DULWICH 218 (41.4) lost to MALDEN WANDERERS 271-5 (53.5)


On a drizzly, murky Saturday in New Malden, Dulwich had hopes to conquer and challenge the top four in the league. Malden Wanderers on the other hand were fighting a battle against relegation having won just 2 of their 11 games this season. A one-sided match on paper, but unbeknownst to us it wasn’t to be.

Dulwich won the toss and elected to bowl on a wet, sticky wicket with boundaries barely reaching 40 yards. Dreams of bowling the opposition out cheaply, knocking the runs off in style for an early finish followed by a night filled with desperate tinder-swiping ensued. It was a mix of the youth and the wise, Max Swanson and Chris Hope, to take the new ball. The dreams however, were soon to be shattered by the Malden openers, Hammond and Walters, who took advantage of the short boundaries from the get-go. The opening bowlers, steaming in on uneven ground, struggled to hit their marks in wet conditions. A top-edge from Hammond off a quick, short ball from Swanson flew over the keeper for six; revealing the sort of day it was going to be. A couple of full tosses from Hope, who on Thursday had called “shotgun” on doing the match report, were duly dispatched to the square leg fence. After being shunned out of the attack and seeing his bowling figures (6-0-29), his enthusiasm for the match report quickly faded. Knighty, back from nursing a broken hand took his mark. By now though, the openers were set and continued to use the short boundaries to their advantage. Drinks provided some respite, with the score at 110 odd for none after 25.
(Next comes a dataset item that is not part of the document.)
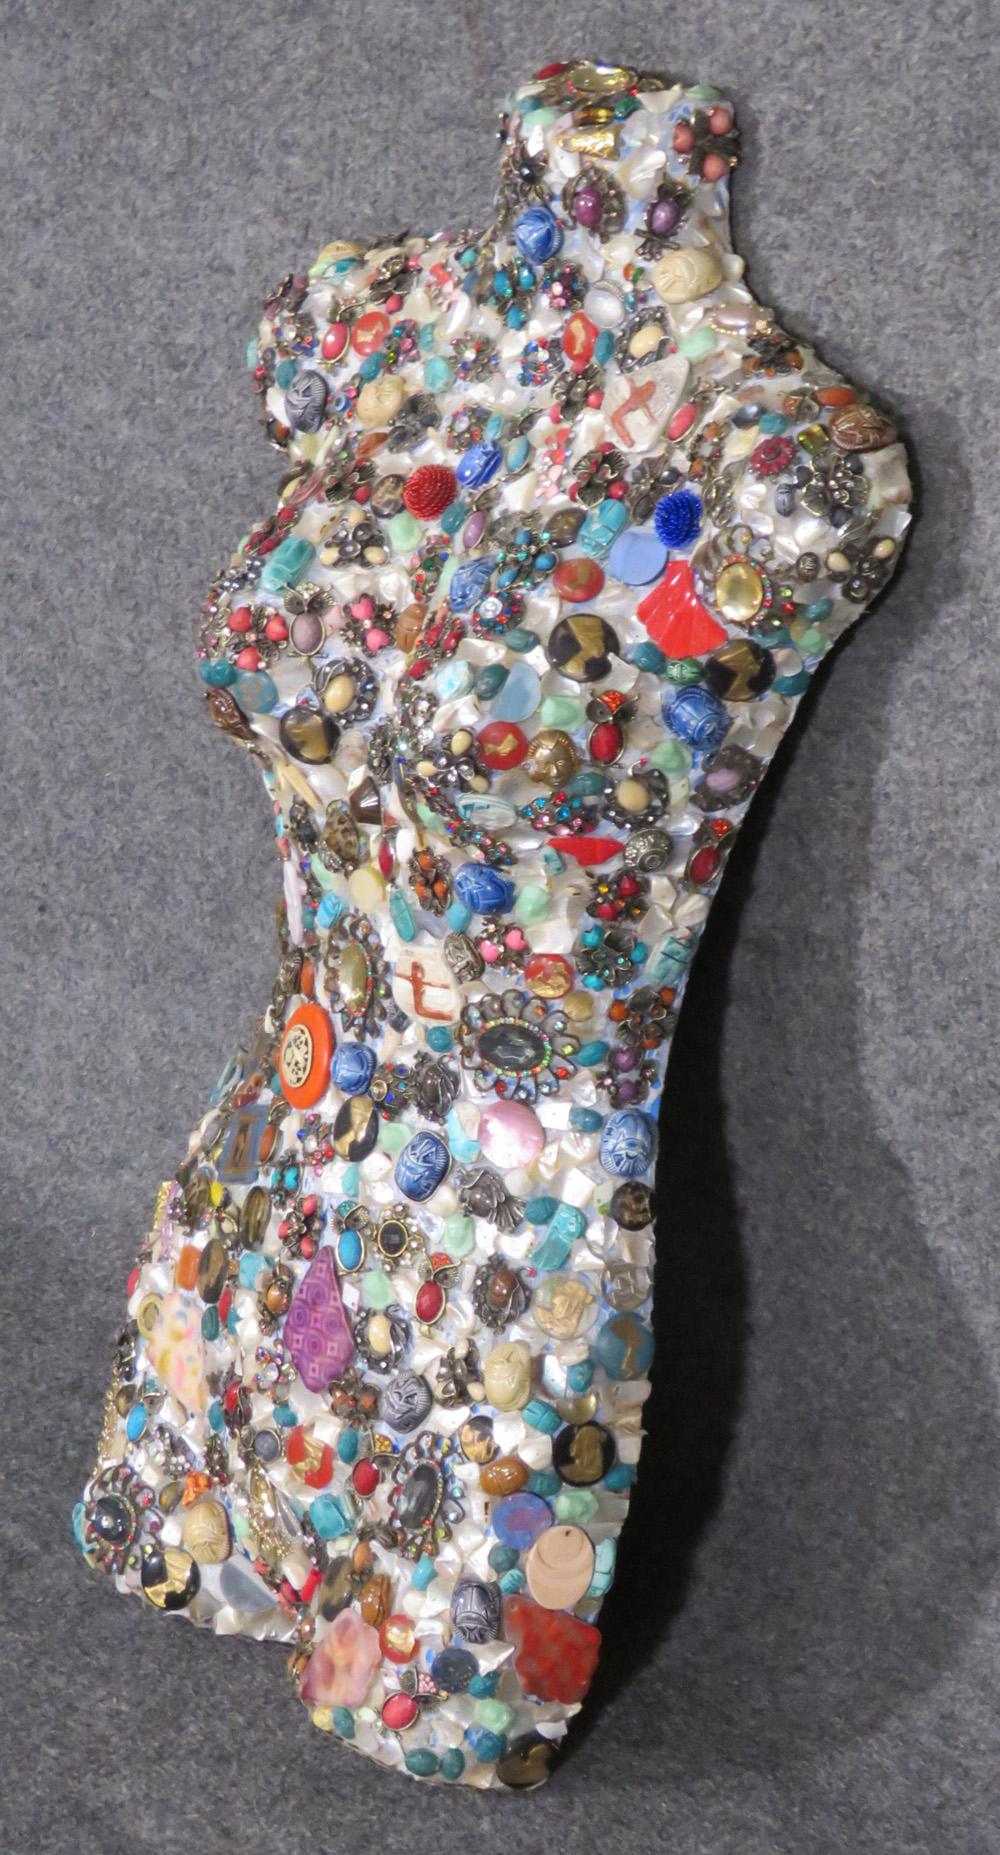 Measures: 29 tall x 16.5 wide x 5.5 deep

This is a gorgeous jeweled torso or mannequin. The body is studded with jewels, scarab beetles and various other beautiful objects. This is an artist's piece. Dates to the 1960s and is an interesting item

There was a change in tempo after drinks, with the dual spin of Gokhul and Patrick putting the squeeze on the opening pair. Less than 30 came off the next 10 overs. Without a wicket though, Dulwich knew that an assault was coming. All we could do was continue the squeeze and pray for a dismissal. The opening pair started to accelerate, with Hammond choosing the sweep as his method of attack. The spin-twins held their nerve well to minimise the damage, but something needed to give. Faz decided it was time for some well-directed terrible chat to Hammond, letting him know that he wouldn’t want to get out so close to a century. Then it happened, the ball was tossed up and induced the false shot. Hammond was dismissed, LBW to Ghokul for 92, with Faz quick to claim the wicket as his own.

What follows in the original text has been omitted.